Tuesday, January 19, 2021

The Dakota Winters

THE DAKOTA WINTERS by Tom Barbash (Ecco, 2018) is a witty, dialogue-driven portrait of a family and celebrity in the liminal place and time of New York City in 1980-81. The Dakota of the title is not the wintry plains of the upper Midwest, but the New York landmark apartment building home to John Lennon and other notables.

The novel opens with Anton Winter, a 23-year-old Peace Corps Volunteer, returning to his family in New York to convalesce after suffering a bad bout of malaria in Gabon. There, he draws closer to his father, Buddy Winter—a famous talk show host (think Dick Cavett meets Stephen Colbert) whose on-air crackup has rendered him toxic to the showbiz industry.

How and if Buddy is able to return to showbiz with a new talk show, with Anton’s help, is the story that propels the narrative, and it’s an entertaining if melancholy ride. The contours of Buddy’s mental health, which seems to be perpetually fragile, partly inform the Buddy-Anton relationship and keep Anton attached to Buddy and his career perhaps longer than he should be.

There are plenty of moments of lightness and fun. We encounter many historical figures of the day, including Johnny Carson and Joan Kennedy, and the guests on Buddy’s show like Peter O’Toole and Larry Holmes, but the most fully, fictionally developed real life historical figure is John Lennon.
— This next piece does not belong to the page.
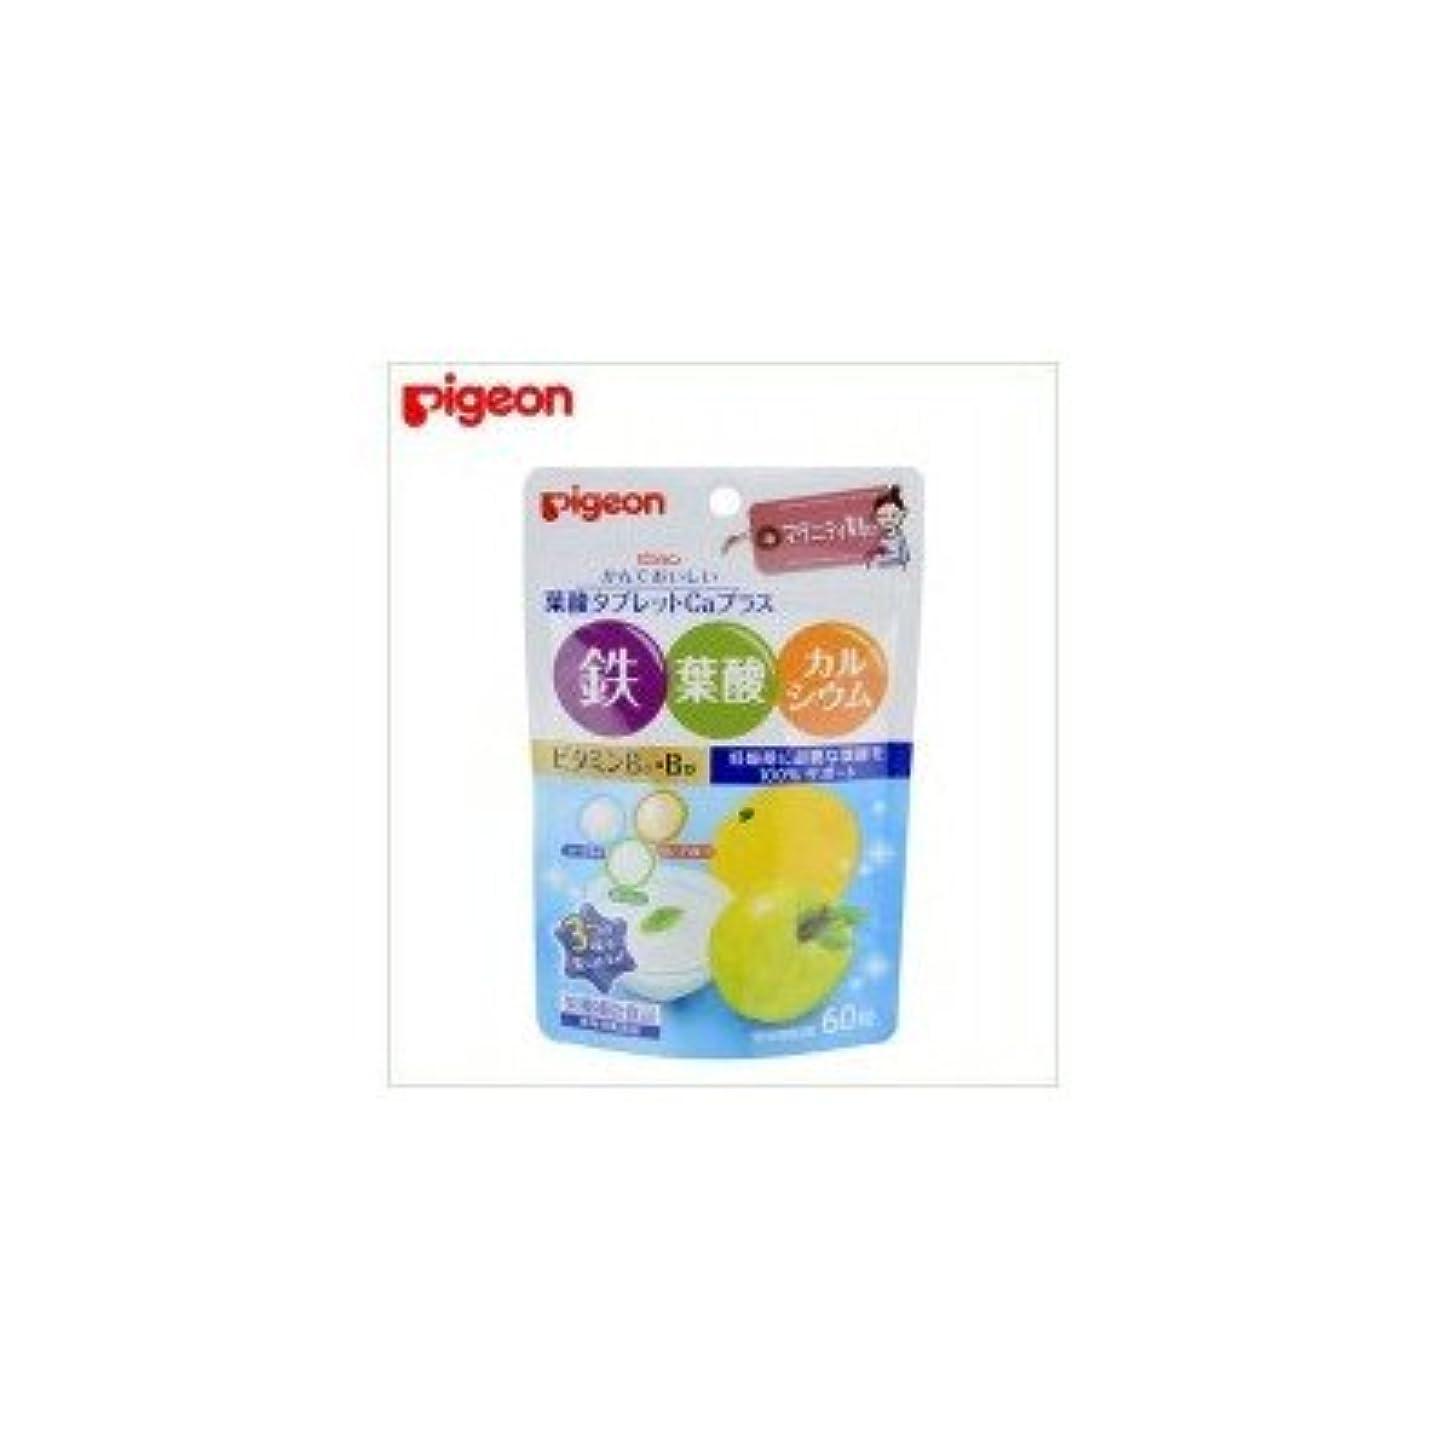 め言葉狂気スチュワードPigeon(ピジョン) サプリメント 栄養補助食品 かんでおいしい葉酸タブレット Caプラス 60粒 20446

Lennon is the most important secondary character of the book. As a resident of the Dakota, he’s a familiar neighbor and friend to the Winters. The friendship he develops with Anton is revealing and formative for both of them. Lennon’s boundless creativity not only seems to positions him for a major comeback, it serves as a model for Anton’s own ambitions that he has buried in favor of helping Buddy revive his career. From this angle, Barbash’s approach to John Lennon humanizes him without ruining the Beatles aura.

John Lennon and Yoko Ono at the Dakota
While Barbash sometimes falters in using extended paragraphs of dialogue for exposition, he is mostly successful in offering a snappy and satisfying journey into the lives of celebrity, showbiz, and Manhattan at the dawn of the headiest decade of the twentieth century. Anton, an imminently likeable character, is not as fully fleshed as I would have preferred. While I believed his actions were realistic, even entertaining, I think a deeper portrait of his relationships with his love interests would have given us a better feeling of him as whole person—and not just the son of Buddy Winter (a role he doesn’t seek to outrun, but rather outgrow).

THE DAKOTA WINTERS is an enjoyable read. Sometimes melancholy, sometimes funny, it held my attention all the way through.